#### WORK REQUIRED:
A verbatim copy is needed of the lines below from the one containing "Роз'єм зарядки Samsung" up to and including the one containing "Corpse Bride Cosplay, Facepainting, wedding", excluding pictures.

#### SUPPLIED MATERIAL:
------------------------

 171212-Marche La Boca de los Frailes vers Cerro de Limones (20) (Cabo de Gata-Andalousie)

------------------------

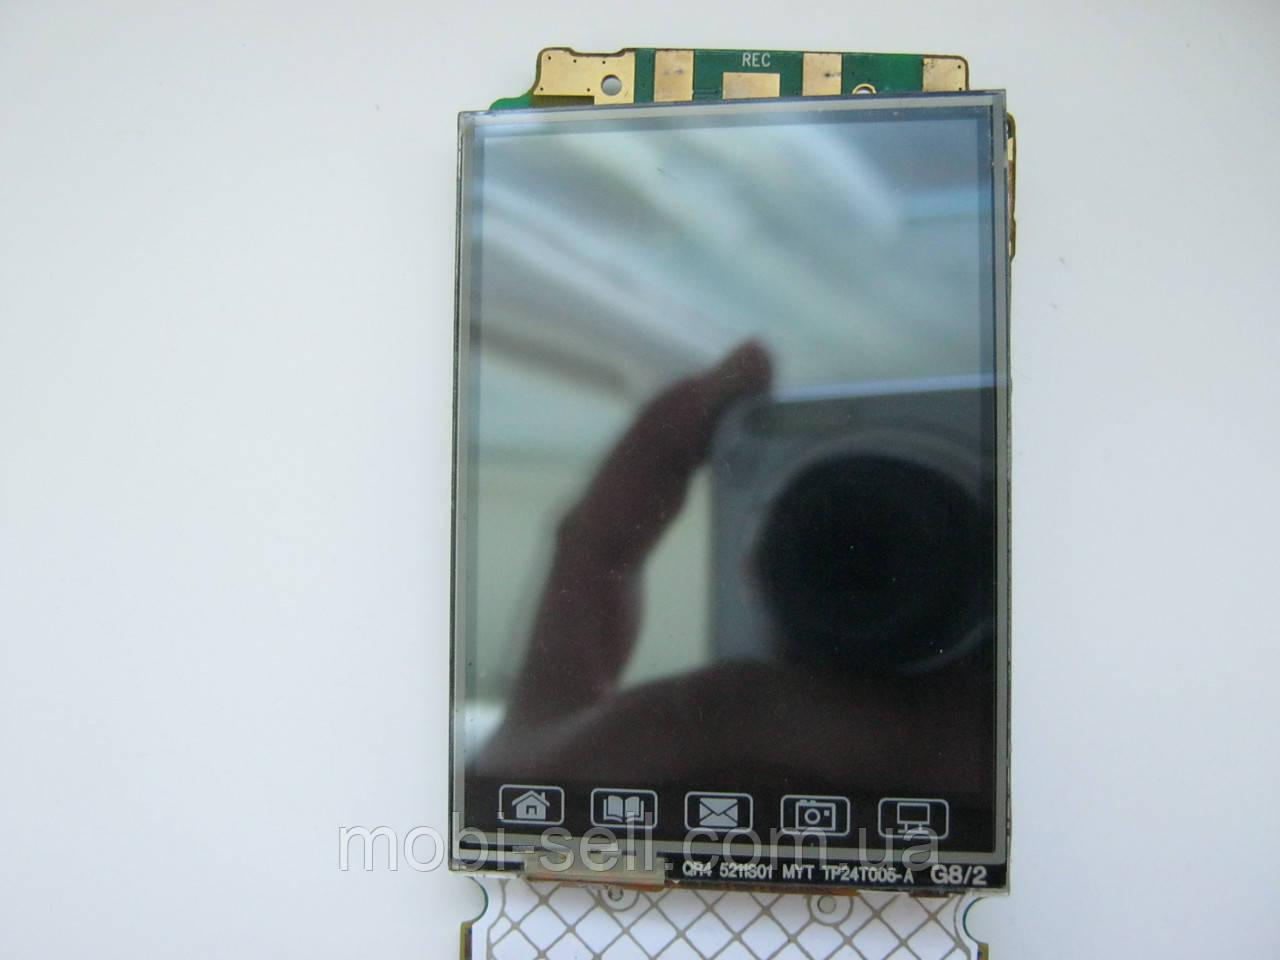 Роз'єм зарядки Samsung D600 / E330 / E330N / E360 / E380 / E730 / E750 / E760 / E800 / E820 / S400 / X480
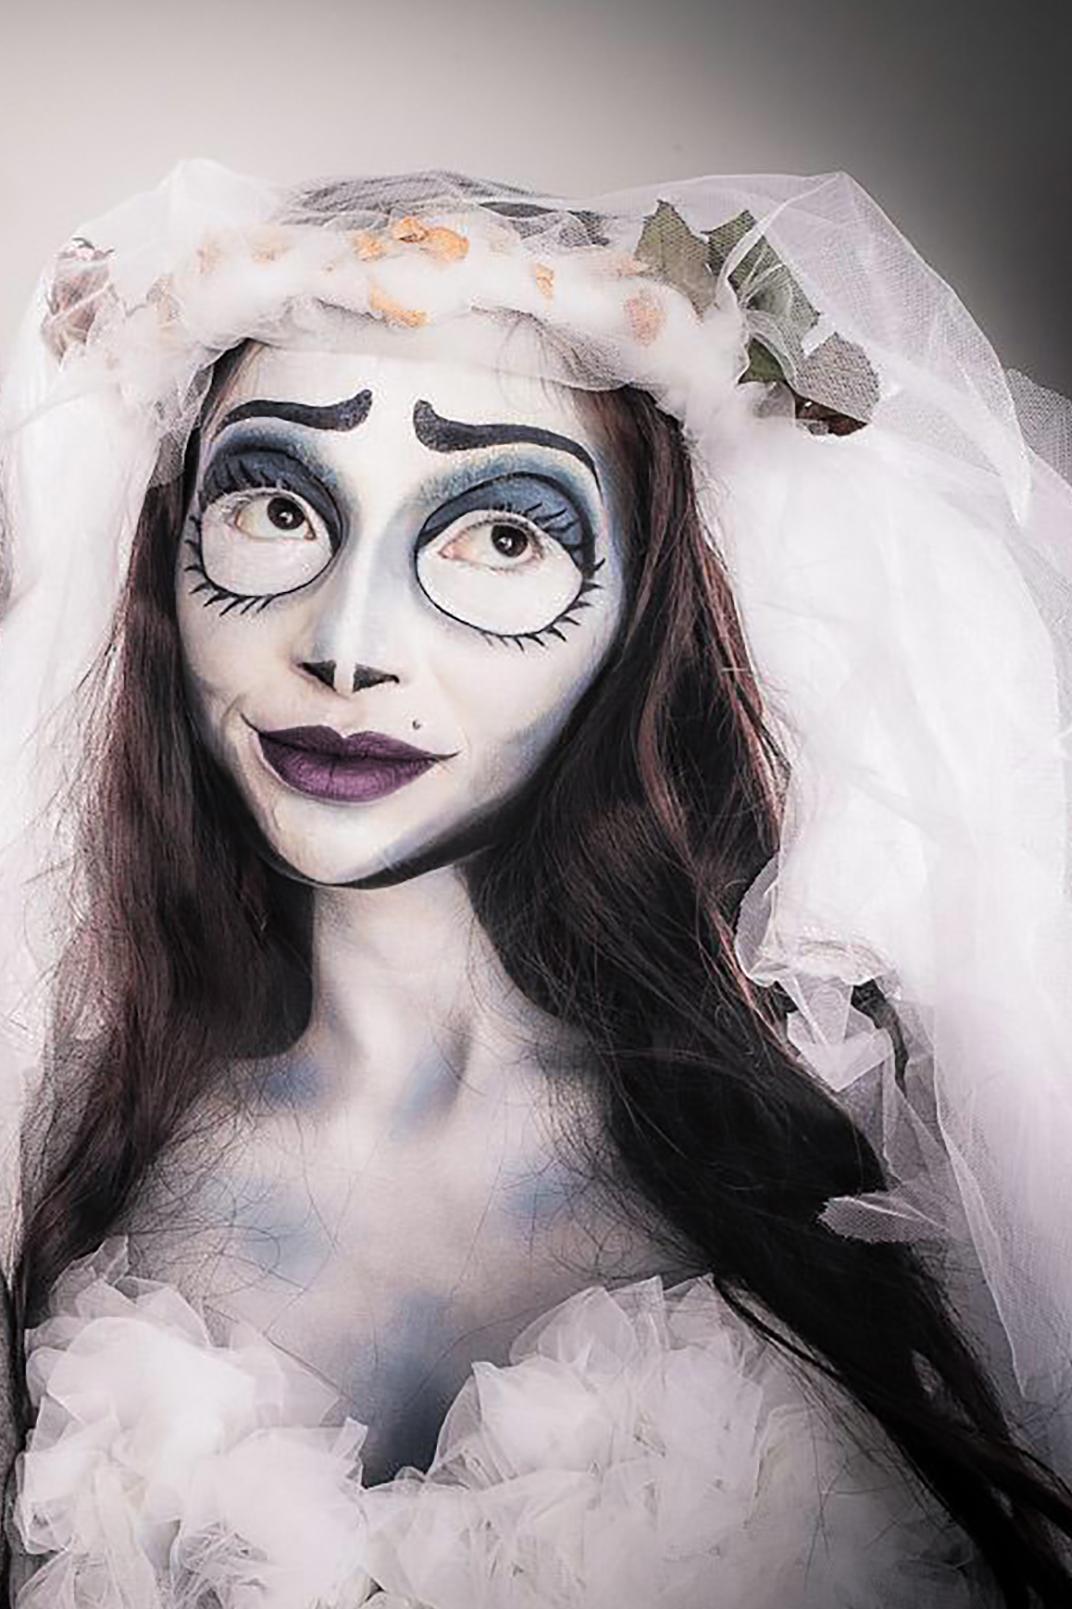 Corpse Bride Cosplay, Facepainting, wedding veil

------------------------

#### REPLY:
 Роз'єм зарядки Samsung D600 / E330 / E330N / E360 / E380 / E730 / E750 / E760 / E800 / E820 / S400 / X480
 Corpse Bride Cosplay, Facepainting, wedding veil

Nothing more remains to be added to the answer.